You should also check whether the agent hit its ceiling before finishing:

```
if result.steps_taken == max_steps:
    # The agent ran out of steps before completing the task.
    # Log, retry with a higher limit, or surface an error to the user.
    print(f"Warning: agent hit max_steps={max_steps}. Output may be incomplete.")
else:
    print(result.output)
```

Don't skip this check. An agent that hit `max_steps`

may return a plausible-looking but incomplete answer, and you won't know unless you look.

If you already know the steps, use Chain. It's deterministic, cheaper, and easier to debug. Every time.

Use Agent when the number or nature of steps can't be determined before execution begins — when the task requires reacting to intermediate results, when the path from question to answer isn't a straight line.

My practical heuristic: if you can draw the workflow on a whiteboard before writing code, that's a Chain. If you'd need to draw multiple possible workflows with "it depends" arrows between them, that's an Agent.
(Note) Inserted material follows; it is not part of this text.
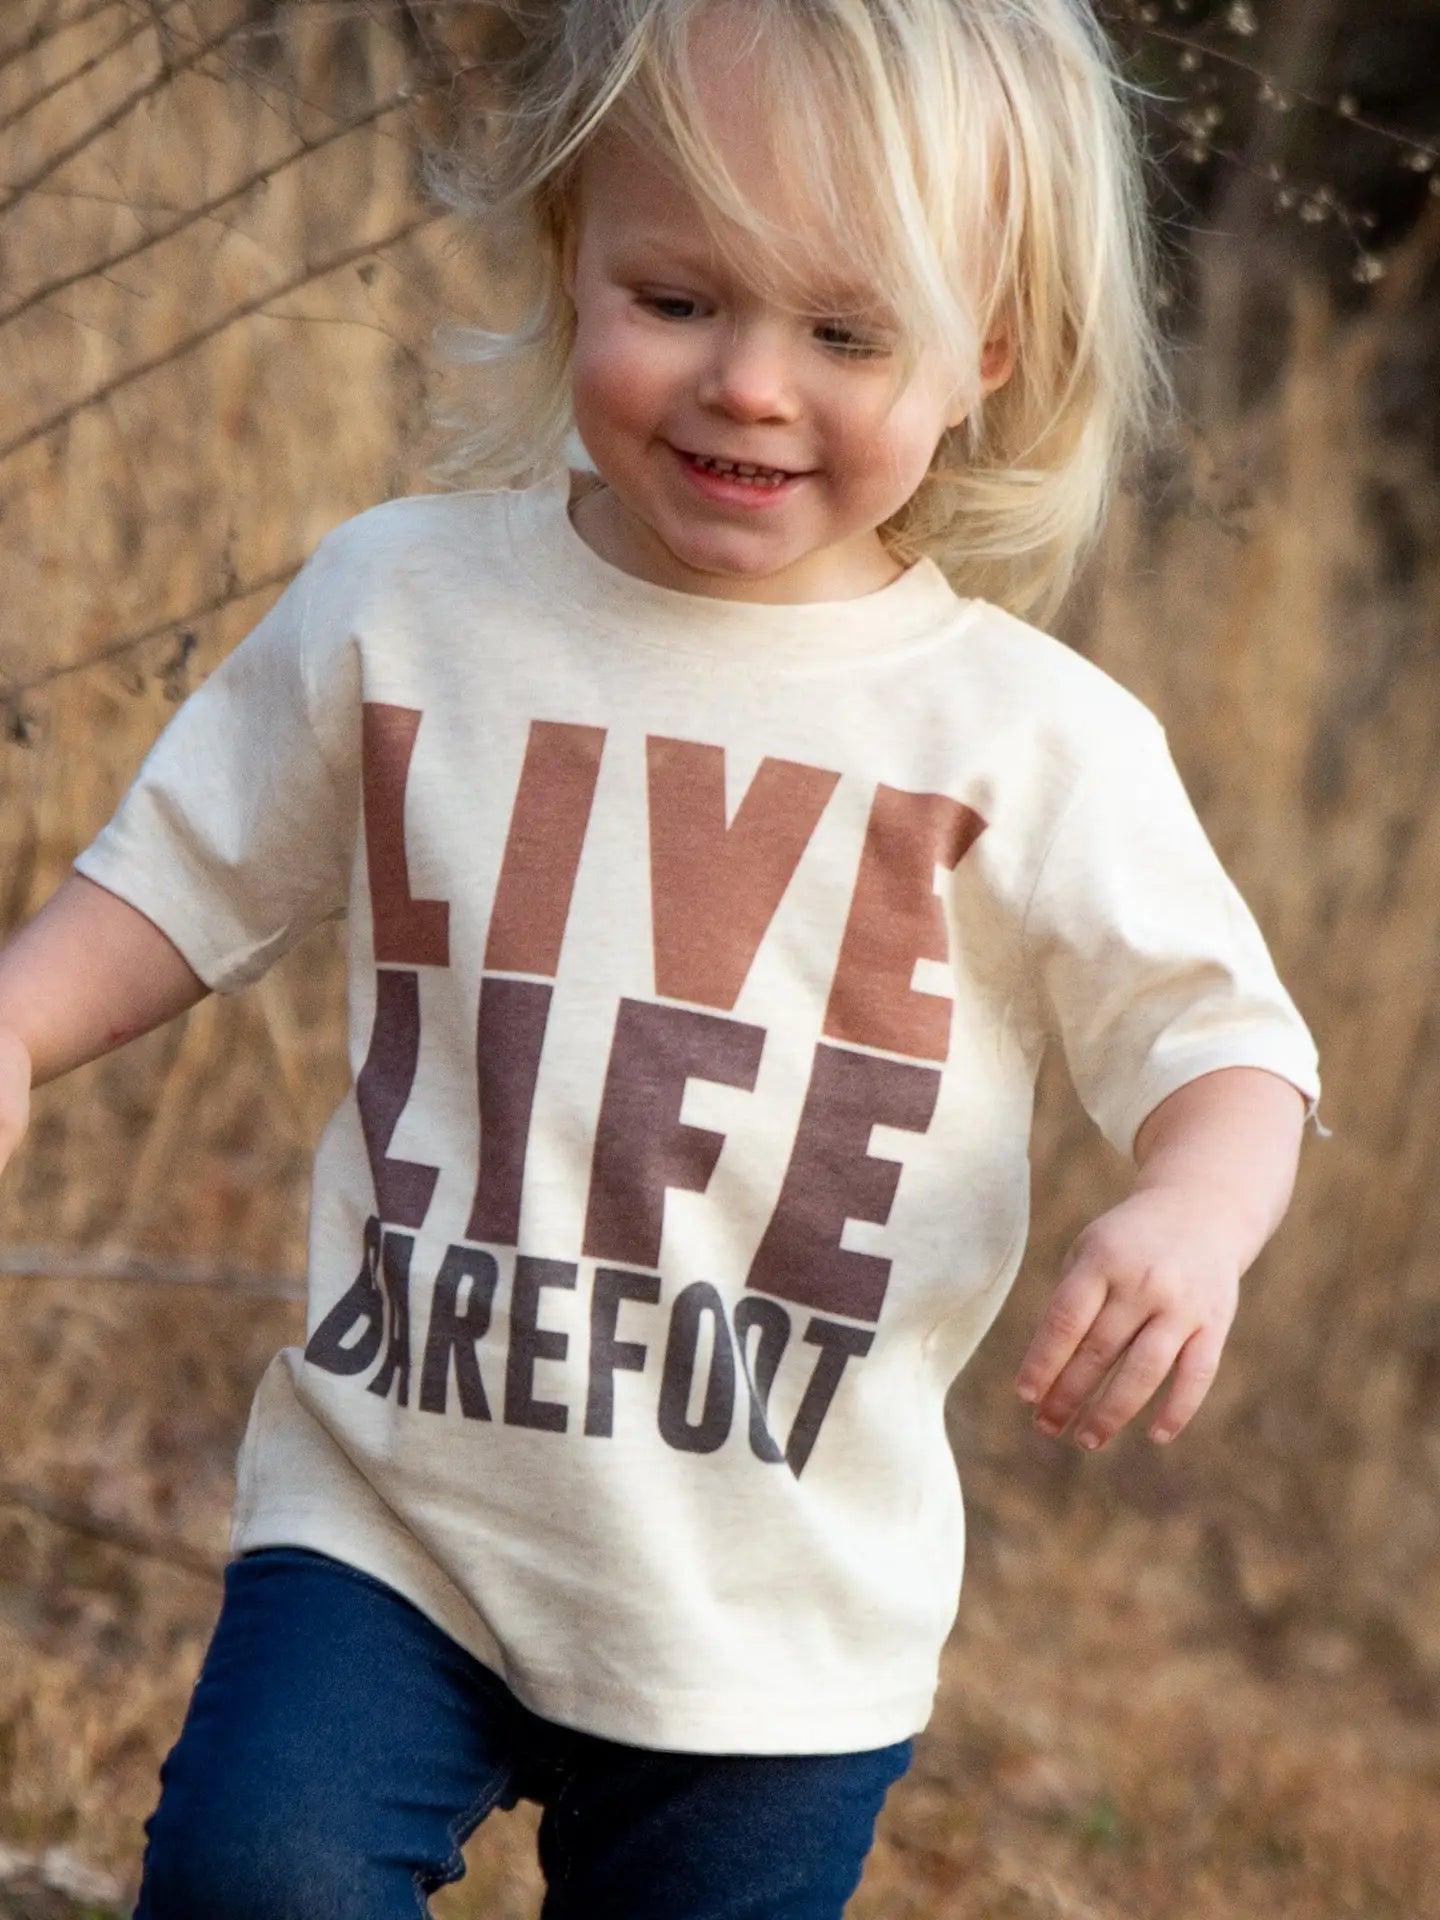 "Live Life Barefoot"

For reference, here's what you can configure:

```
Agent(
    orchestrator: Model,        # required — plans and reflects
    executors:    list[Model],  # optional — cheaper models for tool-call steps
    tools:        list,         # optional — tools available to the agent
    mode:         str,          # "waterfall" | "agile"  (default: "waterfall")
    max_steps:    int,          # hard cap on execution depth
)
```

The `executors`

parameter lets you assign a cheaper or faster model to run individual tool-call steps while keeping a more capable model as the orchestrator:

``` python
import os
from yait_aichain.models import Model
from yait_aichain.agent import Agent
from yait_aichain.tools import searchPerplexity, fetchPage, convertToMD

agent = Agent(
    orchestrator=Model("claude-sonnet-4-6", api_key=os.getenv("ANTHROPIC_API_KEY")),
    executors=[Model("gemini-2.5-flash", api_key=os.getenv("GOOGLE_API_KEY"))],
    tools=[
        searchPerplexity(api_key=os.getenv("PERPLEXITY_API_KEY")),
        fetchPage(),
        convertToMD(),
    ],
    max_steps=8,
    mode="agile",
)
```

The orchestrator handles the reasoning-heavy work — deciding what to do next, evaluating results, writing the final answer. The executor handles the mechanical steps in between: calling a tool and passing the output back. A capable model where it matters, a faster cheaper one where it doesn't. That split alone can meaningfully reduce costs on longer workflows.